1396879456563815509:  automount(10681)(0xffff8803d82ce040) -> autofs_dev_ioctl: AUTOFS_DEV_IOCTL_OPENMOUNT_CMD: major: 1, minor 0, size: 31, ioctlfd: -1: devid: 24, path: /a/b/c
1396879456563823041:  automount(10681)(0xffff8803d82ce040) <- autofs_dev_ioctl: AUTOFS_DEV_IOCTL_OPENMOUNT_CMD: major: 1, minor 0, size: 31, ioctlfd: 28: devid: 24, path: /a/b/c
[cperl@tot-qws-u12114d ~]$ sudo lsof -p $(pgrep -f /etc/auto.master) | grep /a/b/c
automount 10681 root   28r   DIR   0,24        0 16335017 /a/b/c

As you can see, the ioctlfd field is -1 on entry to the ioctl and is filled out by the kernel.
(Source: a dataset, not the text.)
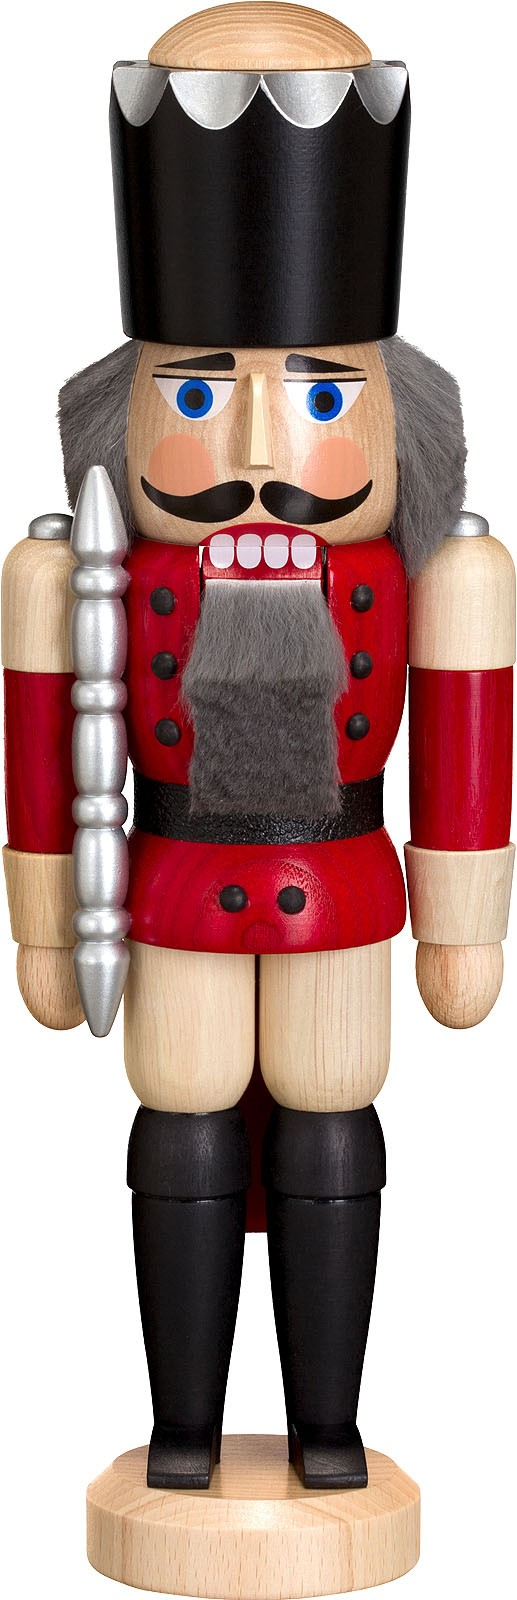 nutcracker king, ash tree glazed, red, 11.42 inches

Furthermore, we can confirm with lsof that the file descriptor is now open for the directory.

AUTOFS_DEV_IOCTL_CLOSEMOUNT_CMD

This ioctl is issued to signal that the user space daemon no longer needs to issue ioctls for a given autofs filesystem.

For this ioctl, there are no additional details passed in a structure. The only piece of information needed is the ioctlfd that the daemon is requesting to be closed.
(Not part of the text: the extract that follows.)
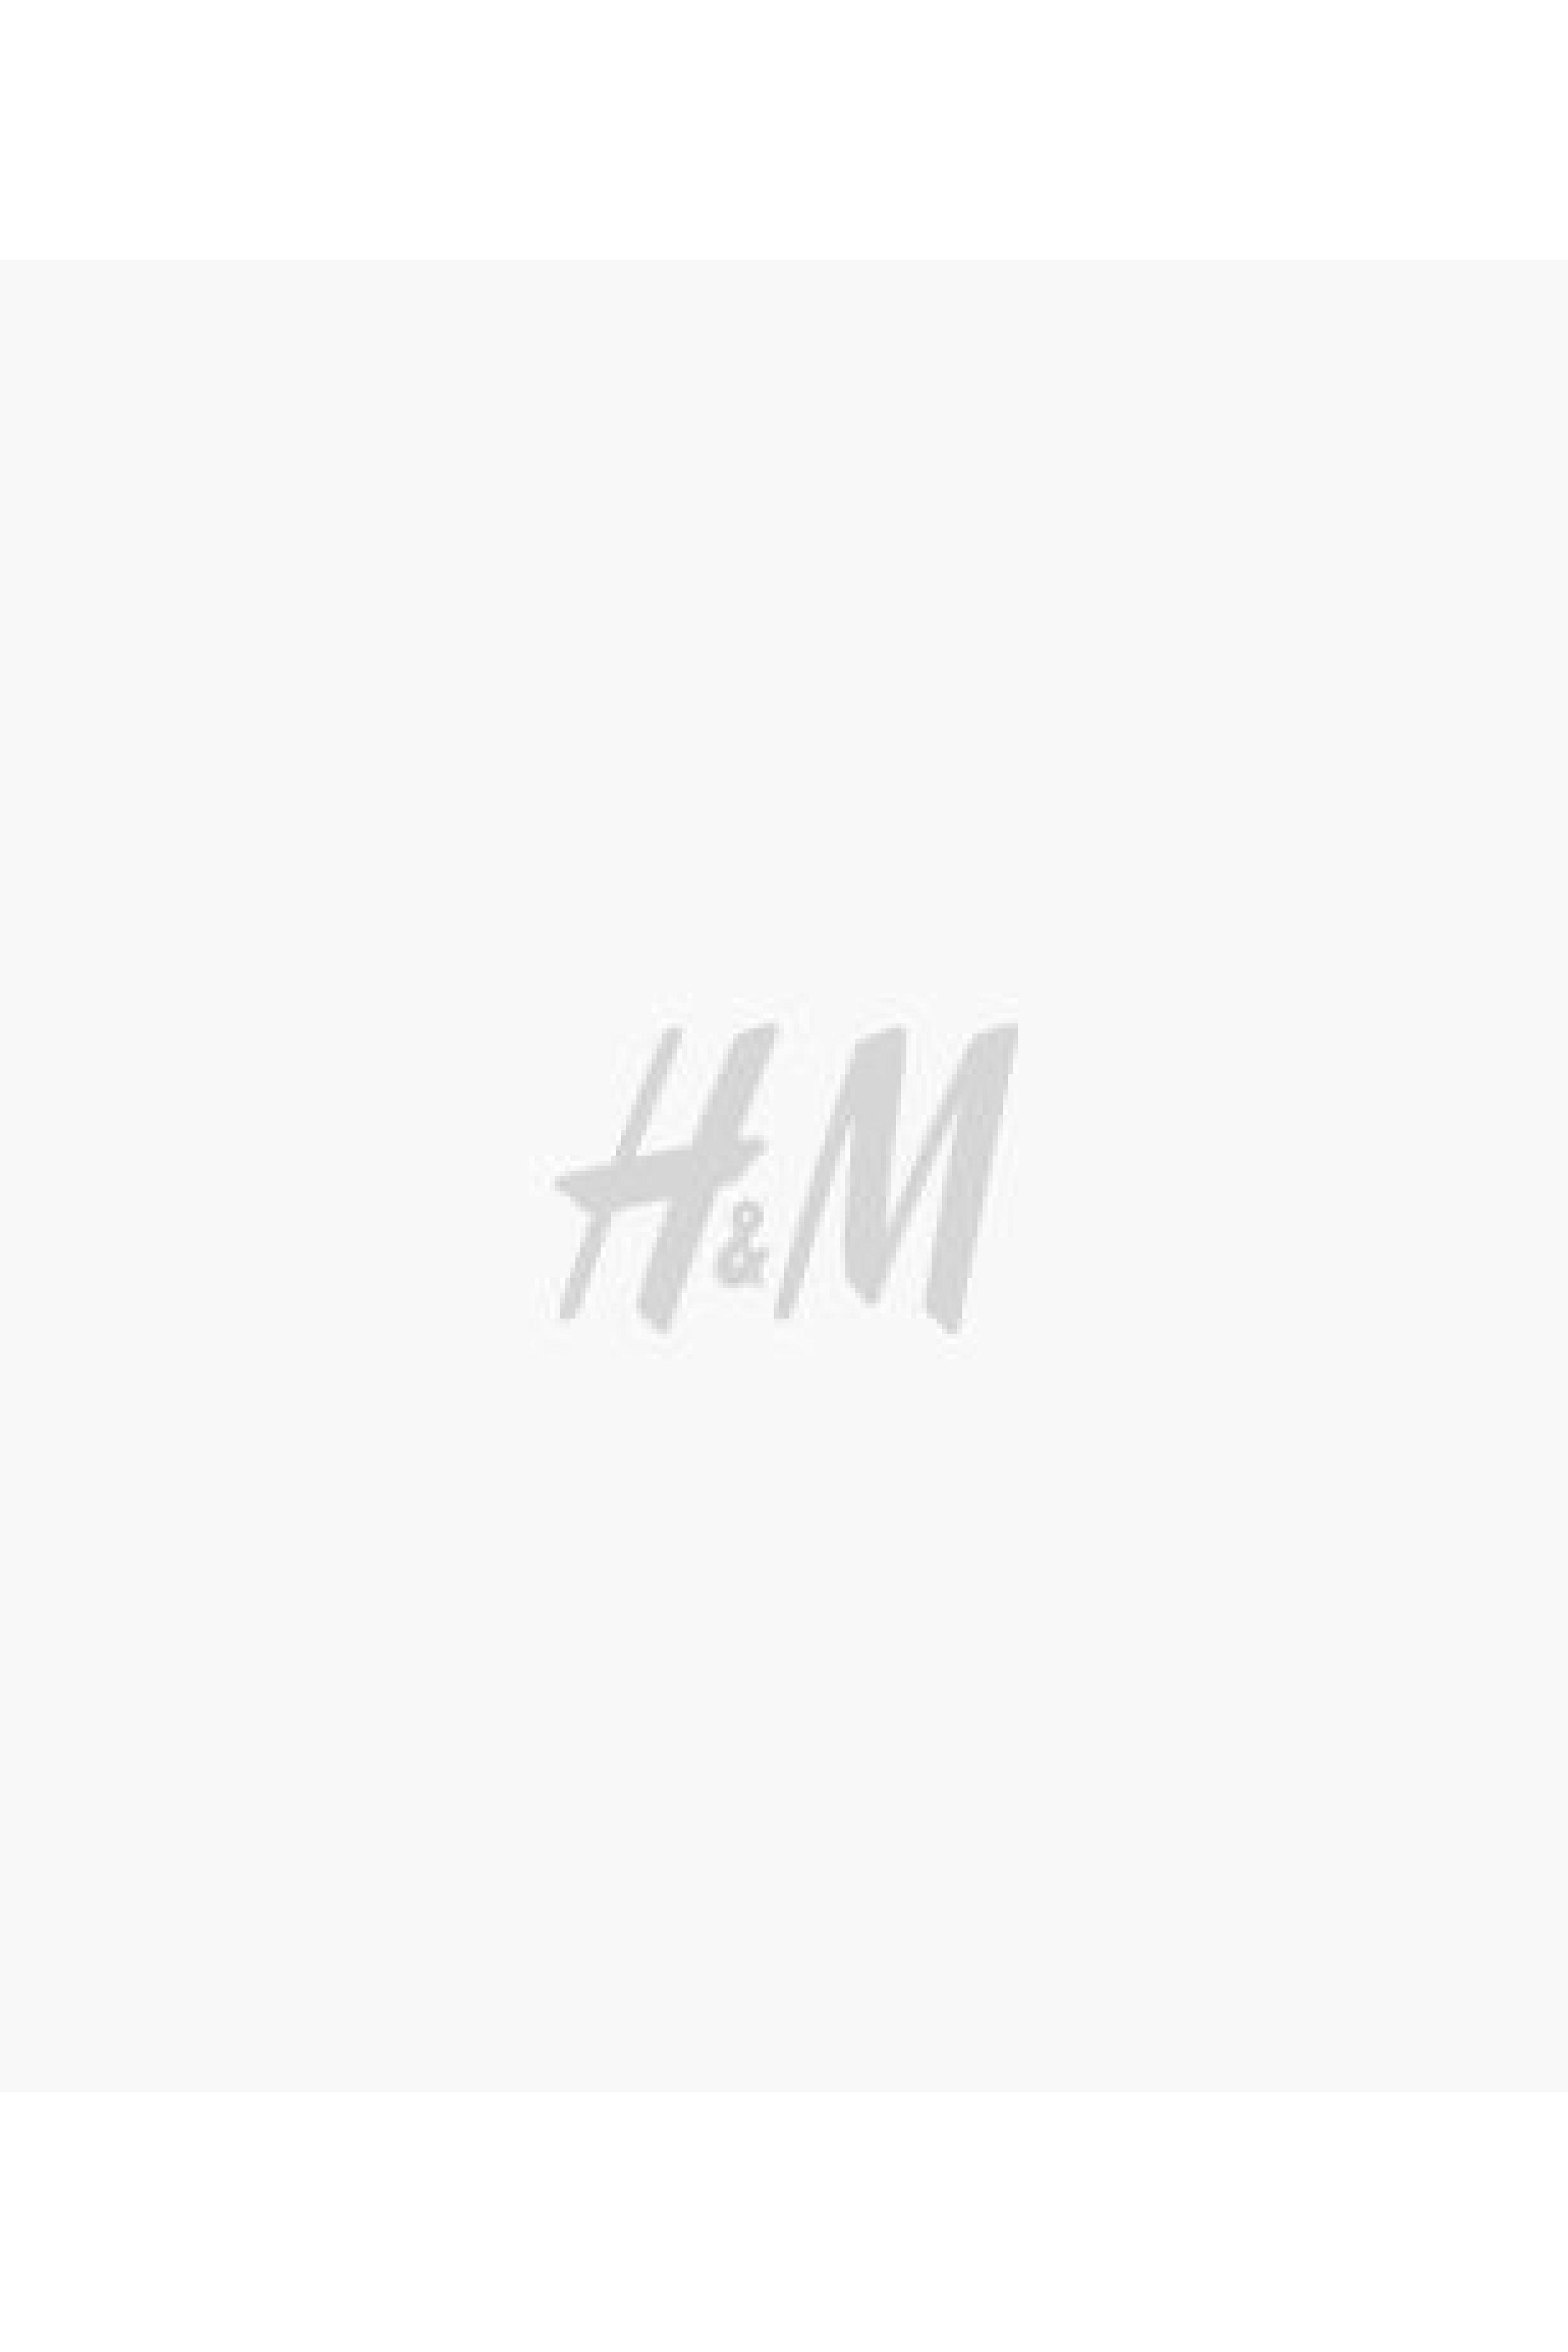 Stripe Jute Laundry Basket, H&M

This actually closes the file descriptor in the process.

In practice, this ioctl is used to close down the temporary autofs filesystem that is used during early initialization to check the various version information. Otherwise it only appears to be used when shutting down automount.

1396617872001657498:  automount(30790)(0xffff8803d5ae0aa0) -> autofs_dev_ioctl: AUTOFS_DEV_IOCTL_CLOSEMOUNT_CMD: major: 1, minor 0, size: 24, ioctlfd: 5 (/tmp/autoV2cNiF)
1396617872001663579:  automount(30790)(0xffff8803d5ae0aa0) <- autofs_dev_ioctl: AUTOFS_DEV_IOCTL_CLOSEMOUNT_CMD: major: 1, minor 0, size: 24, ioctlfd: 5 ()

AUTOFS_DEV_IOCTL_READY_CMD

This ioctl is one of two ioctls issued in response to a request from the kernel. This particular ioctl signals that the request processing was successful and the kernel can continue.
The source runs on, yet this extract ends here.